> _WHAT IS NEEDED_
Word for word, restate the listing; omit the pictures.

> _SOURCE MATERIAL_
* * * *
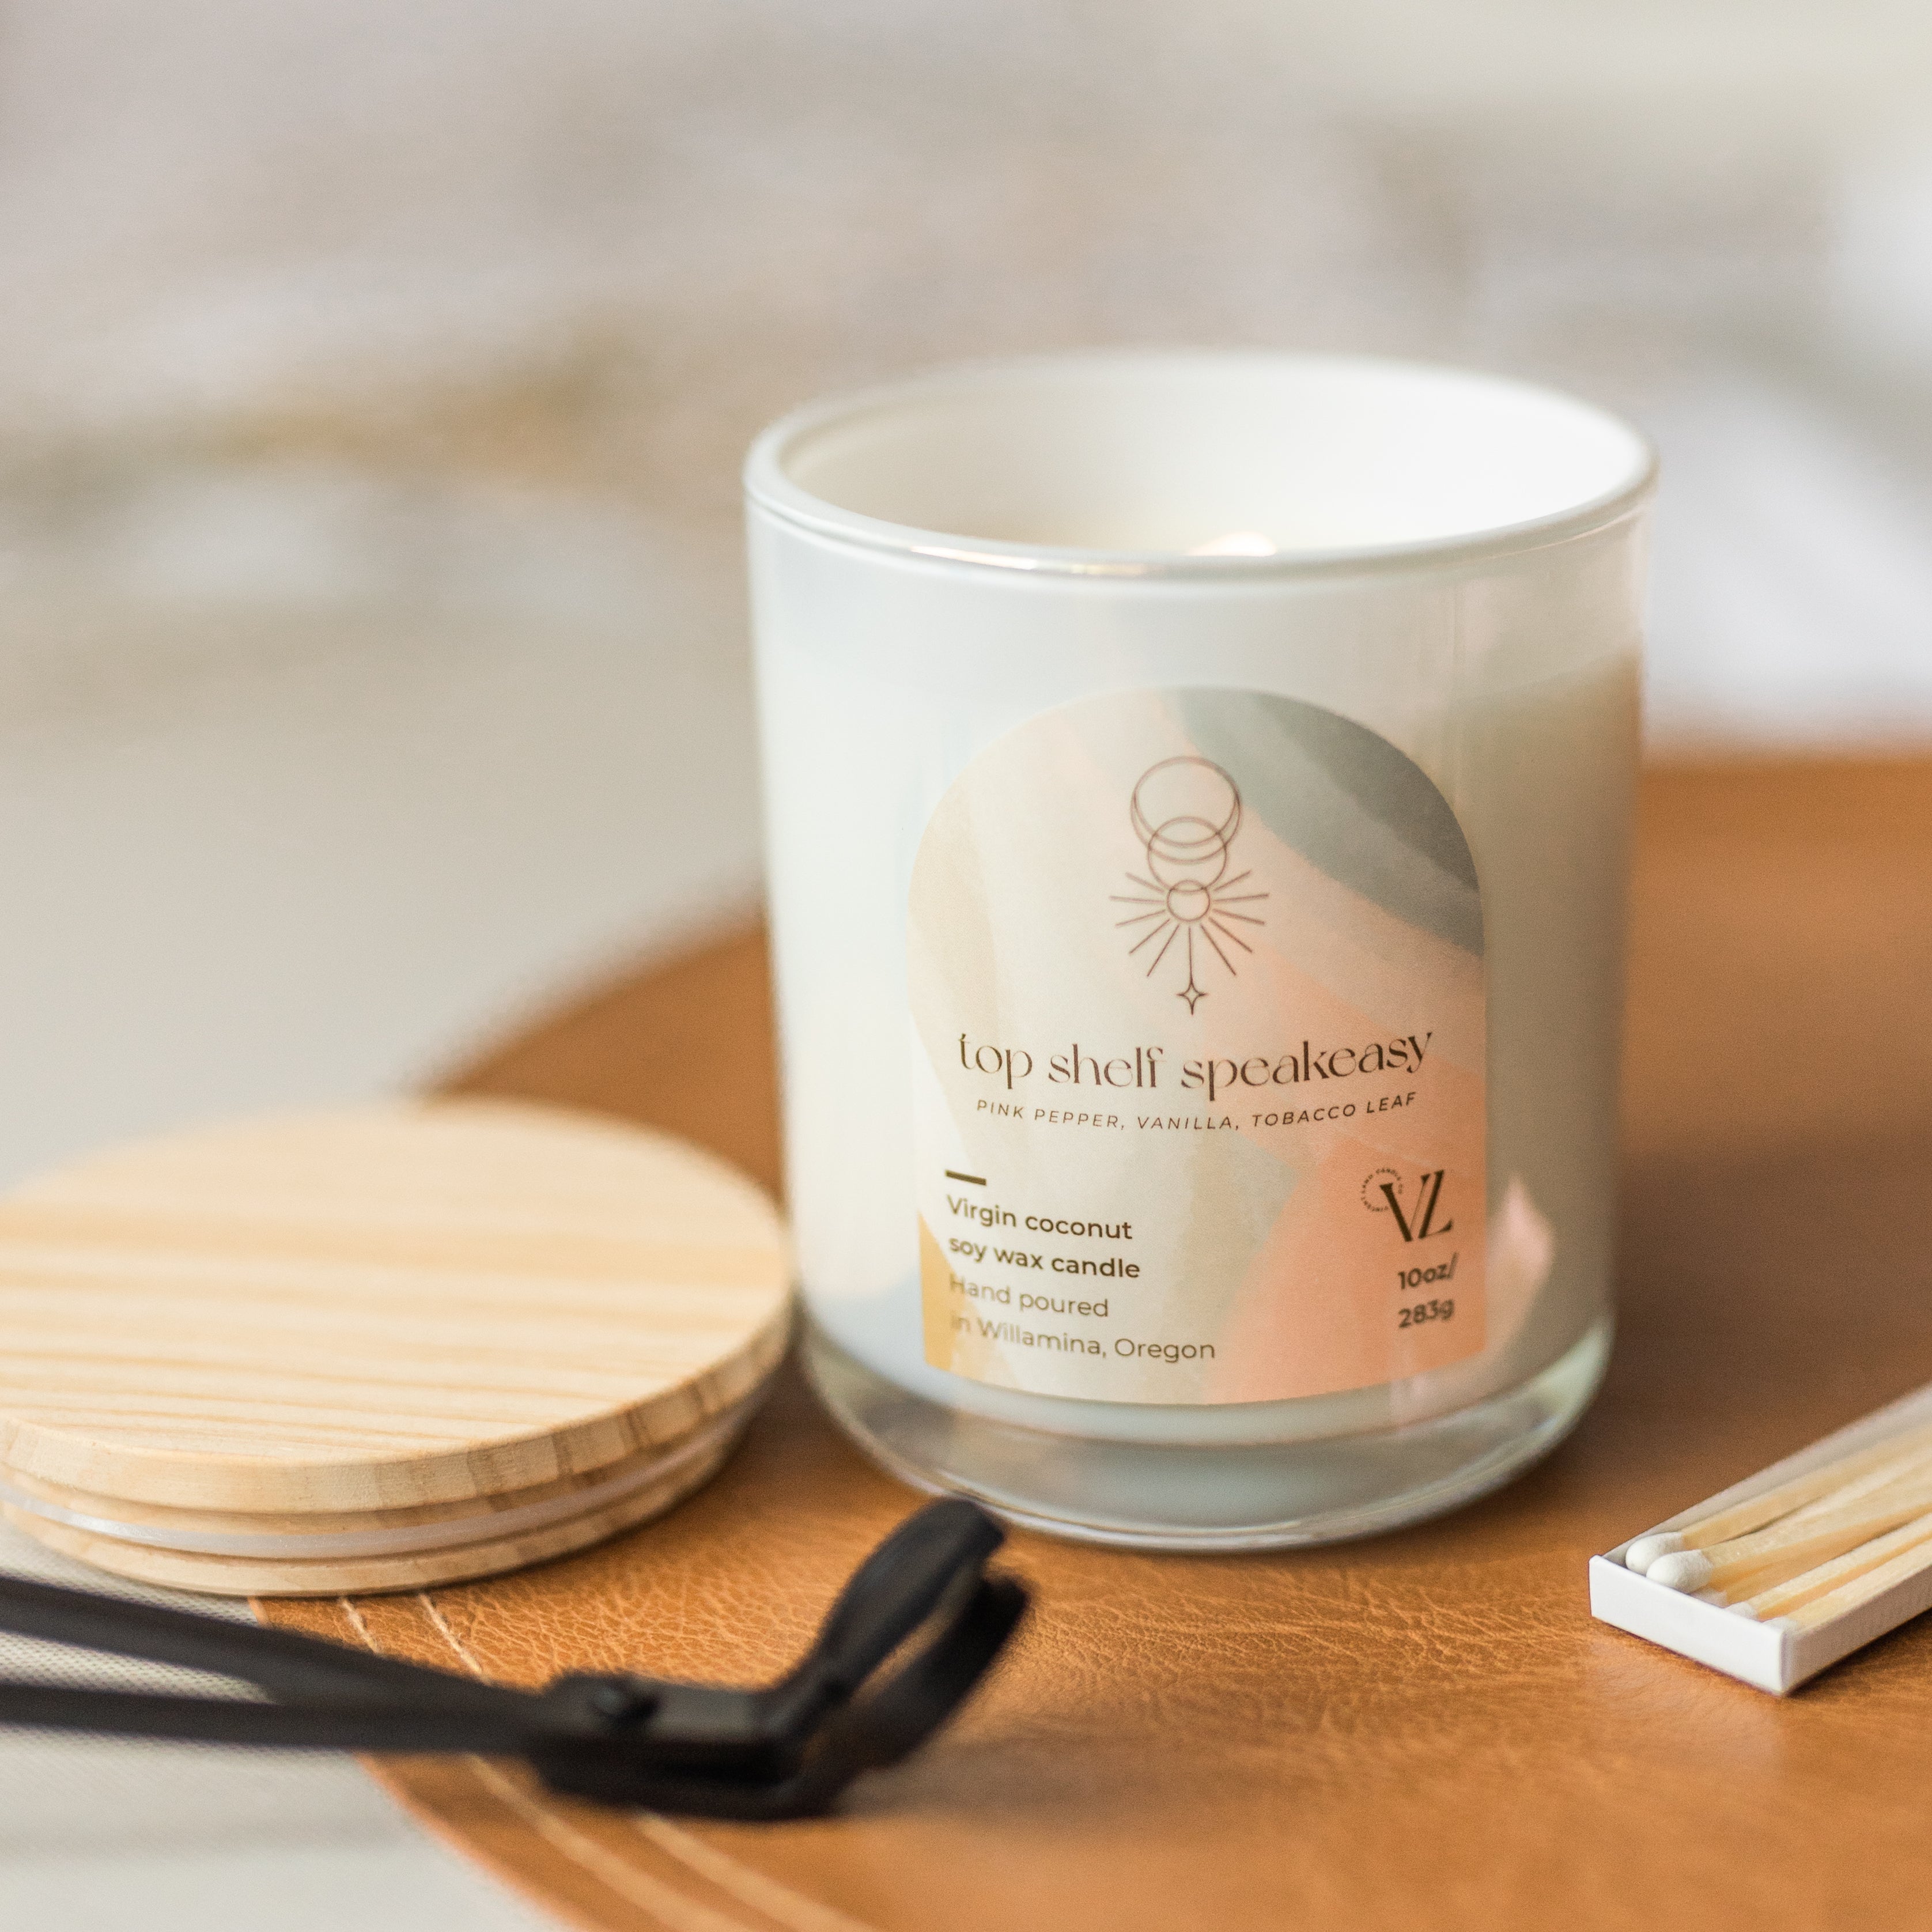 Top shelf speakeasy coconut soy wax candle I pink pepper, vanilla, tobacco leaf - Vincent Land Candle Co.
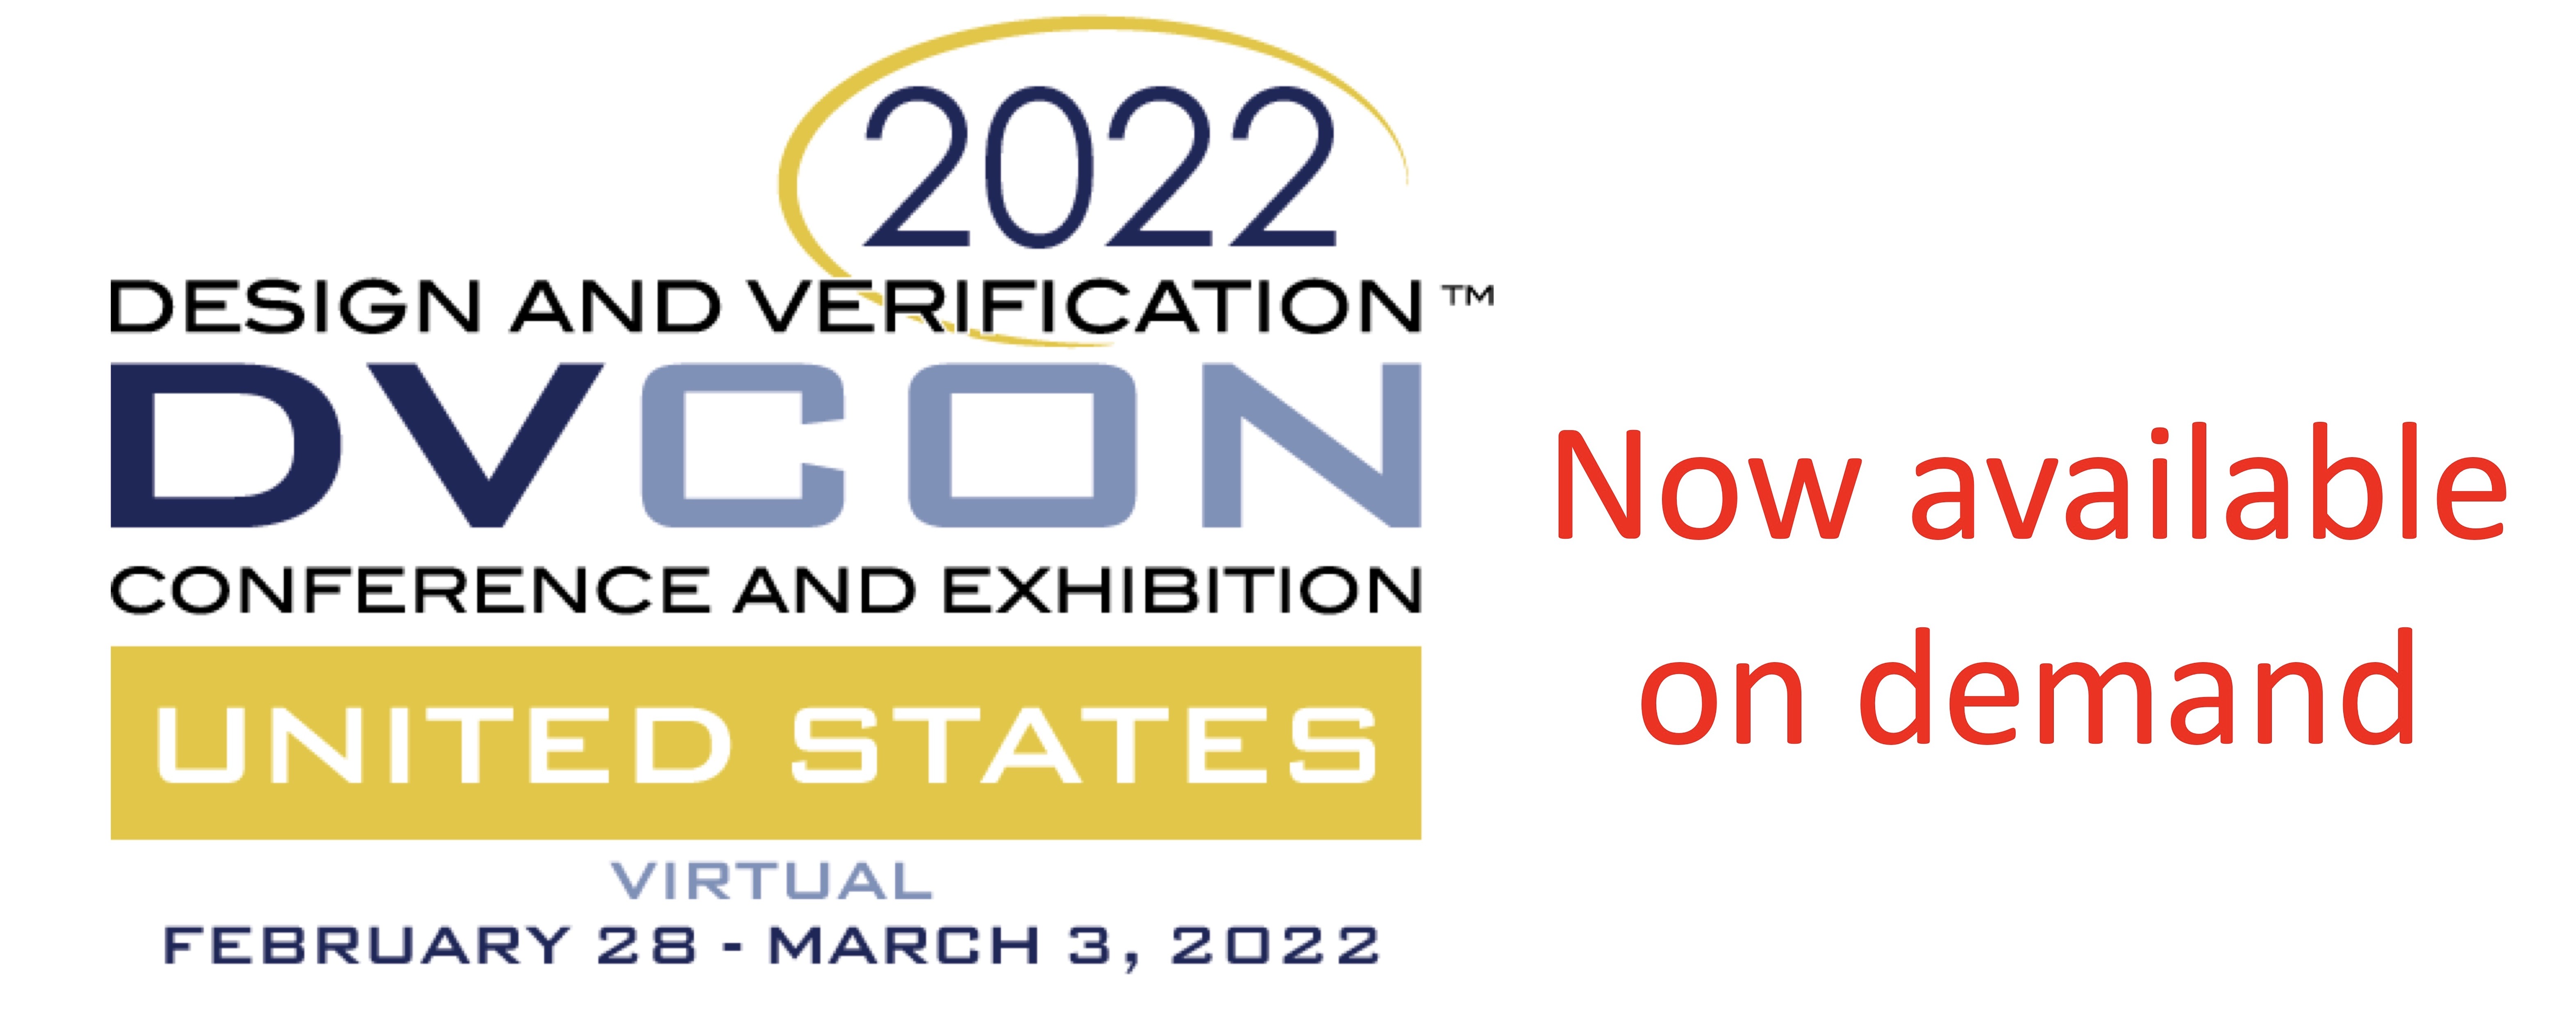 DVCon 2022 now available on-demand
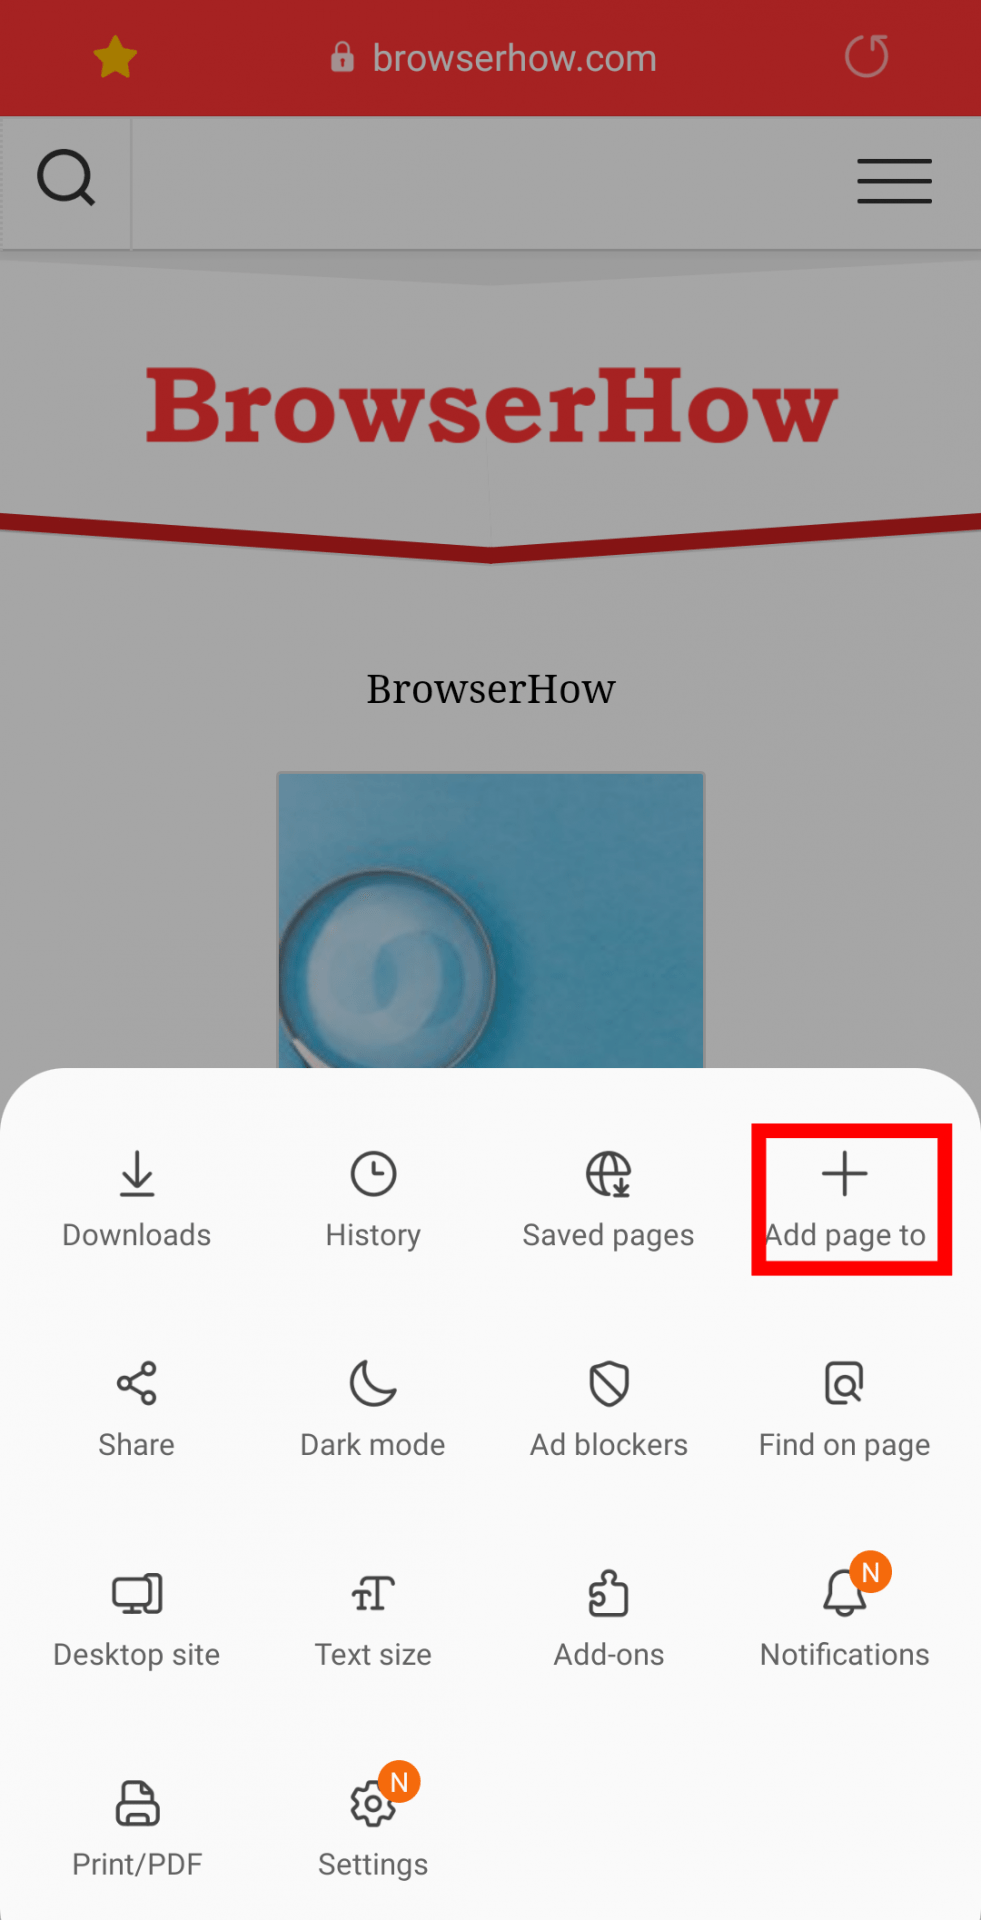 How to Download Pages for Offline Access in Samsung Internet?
* * * *
> _OUTPUT BELOW_
 Top shelf speakeasy coconut soy wax candle I pink pepper, vanilla, tobacco leaf - Vincent Land Candle Co.
 DVCon 2022 now available on-demand
 How to Download Pages for Offline Access in Samsung Internet?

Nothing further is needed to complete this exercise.